Собрание сочинений. Том 2 - [13]
Это – мое давнишнее постоянное возражение (неотразимо для меня убедительное, всяким сторонникам беспощадной «борьбы за идею» и разумно-полезного истребления побежденных. Мне показалось, что «вопрос исчерпан», но Петрик с нежной улыбкой заявил (я мельком подумал – «иезуитская улыбка»):
– Ваше благородство похвально и достойно, однако, достойнее всего простой здравый смысл. Количественной разницей не следует пренебрегать, и мы всегда что-то выбираем и чем-то жертвуем. Но «там» есть и качество, и духовность, которую вы отрицаете.
Петрик назвал советские литературные имена, и мы опять стали спорить – бестолково и раздраженно – повторяя всем известные слова о творчестве и свободе, о эмигрантской нашей оторванности, причем каждый из нас, поневоле, отмечал лишь чужие оплошности и проникался неуважением к собеседнику. К нам присоединился Павлик, сейчас же запутавшийся в цитатах и заглавиях книг, и я использовал сравнительную свою осведомленность, чтобы высмеять обоих своих противников и намекнуть на их «комсомольскую» наивность. Петрик, нисколько этим не смущаясь, напал на меня и на мои «западнические тенденции» – с прежней, милой, детской улыбкой:
– Вы, к сожалению, не единственный, у кого стариковский испорченный вкус. Вам, конечно, нравится «французская кухня», ее переутонченные блюда, увы, несвежие и не питательные.
– Что делать, если они разнообразнее и лучше наших. Но оставим «кулинарныйстиль» и постараемся быть серьезнее. Мне кажется, от революции мы, русские, интеллектуально обнищали, и надо уметь признаваться в своем падении. Неужели вы не видите, что Россия от мира наглухо отгорожена и захлебывается в собственном самодовольстве. Неужели не ощущаете провинциальной ее слепоты.
Я забыл, как меня самого – от одной незатейливой песенки – в эту «провинцию» мучительно потянуло, и не без грубого ехидства продолжал:
– Боюсь, и вы становитесь на них похожими и защищаете не большевиков, а себя.

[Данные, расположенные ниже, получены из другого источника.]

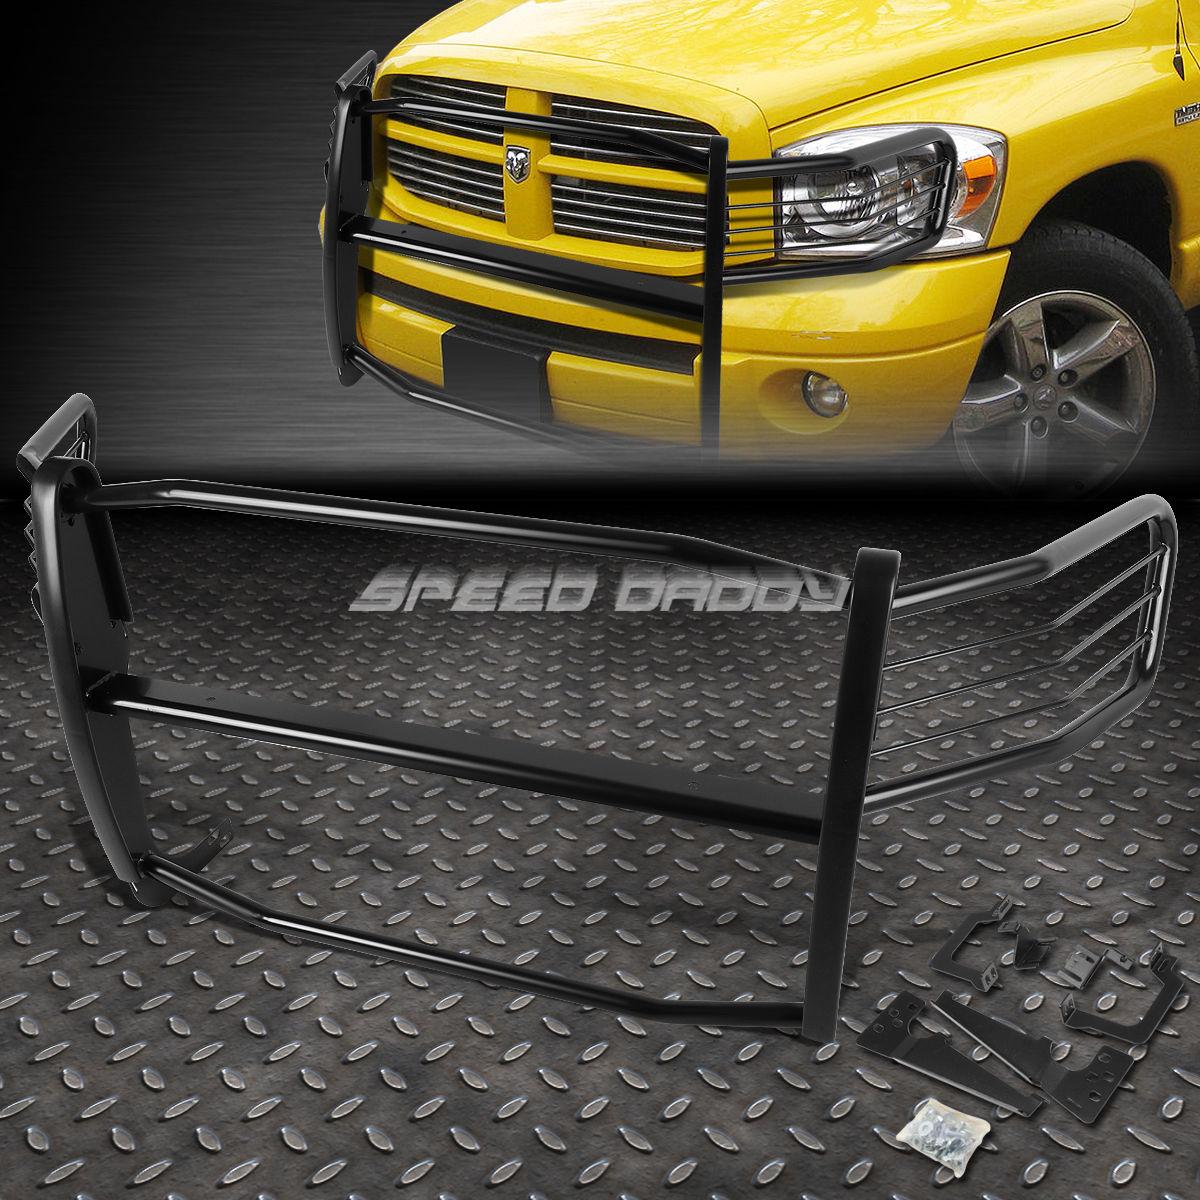 グリル 黒塗装されたミルクスチールフロントグリルフレームガード06-08 RAM 1500-3500メガCAB BLACK COATED MILD STEEL FRONT GRILL FRAME GUARD FOR 06-08 RAM 1500-3500 MEGA CAB
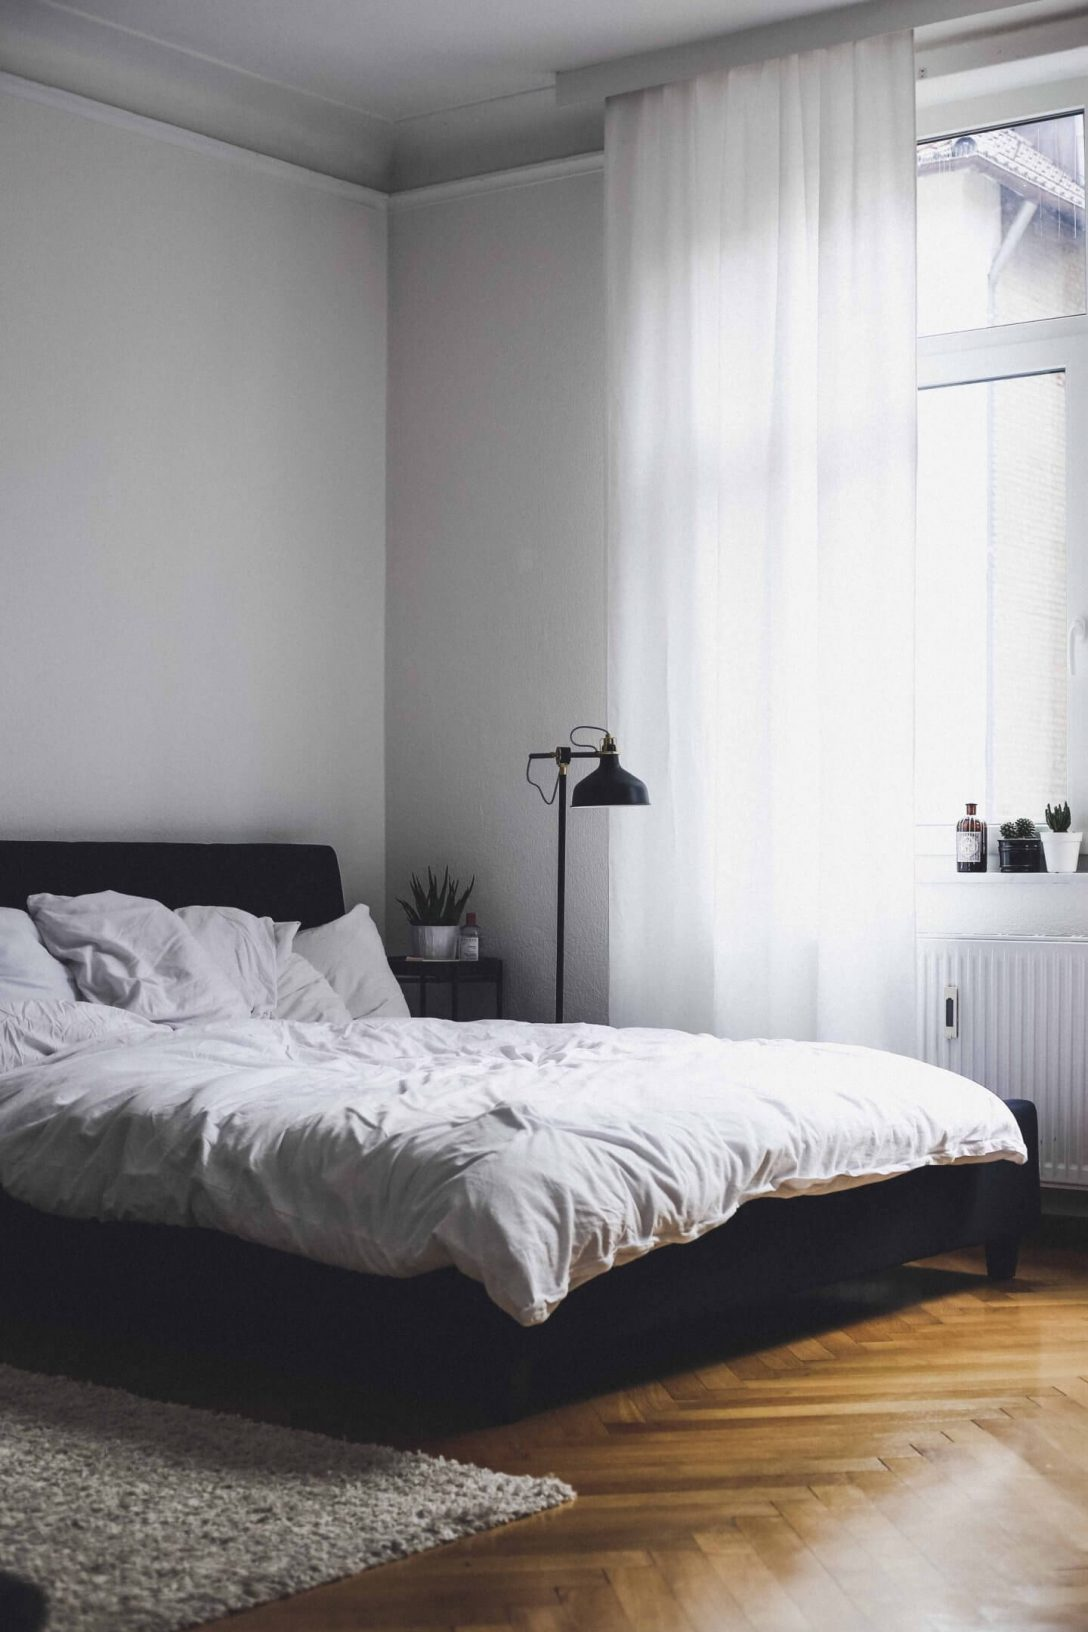 Large Size of Bett Minimalistisch Interior Schlafzimmer Doandlivede Lifestyleblog Aus Komforthöhe Hülsta Boxspring Mit Gästebett Betten 160x200 Schreibtisch 120x200 Bett Bett Minimalistisch

– Благодарю за любезность и предлагаю эту острую полемику прекратить, не то мы подеремся или усыпим нашу бедную хозяйку. Да и мне с Павликом пора на бал.
– Простите за мое негостеприимство, я действительно очень устала – и вовсе не от вашей полемики. Я просто не успела отдохнуть после дороги и квартирной возни.
Ваша усталость, обнаружившаяся именно к уходу обоих друзей, мне представилась решающей их победой, и я перед ними, на улице, стыдился своего поражения. Шура что-то угадал и на прощанье доверительно шепнул, словно пытаясь меня утешить:
– Вы были молодцом, а наша Леля немножко ерундит, но мы еще им покажем, где раки зимуют.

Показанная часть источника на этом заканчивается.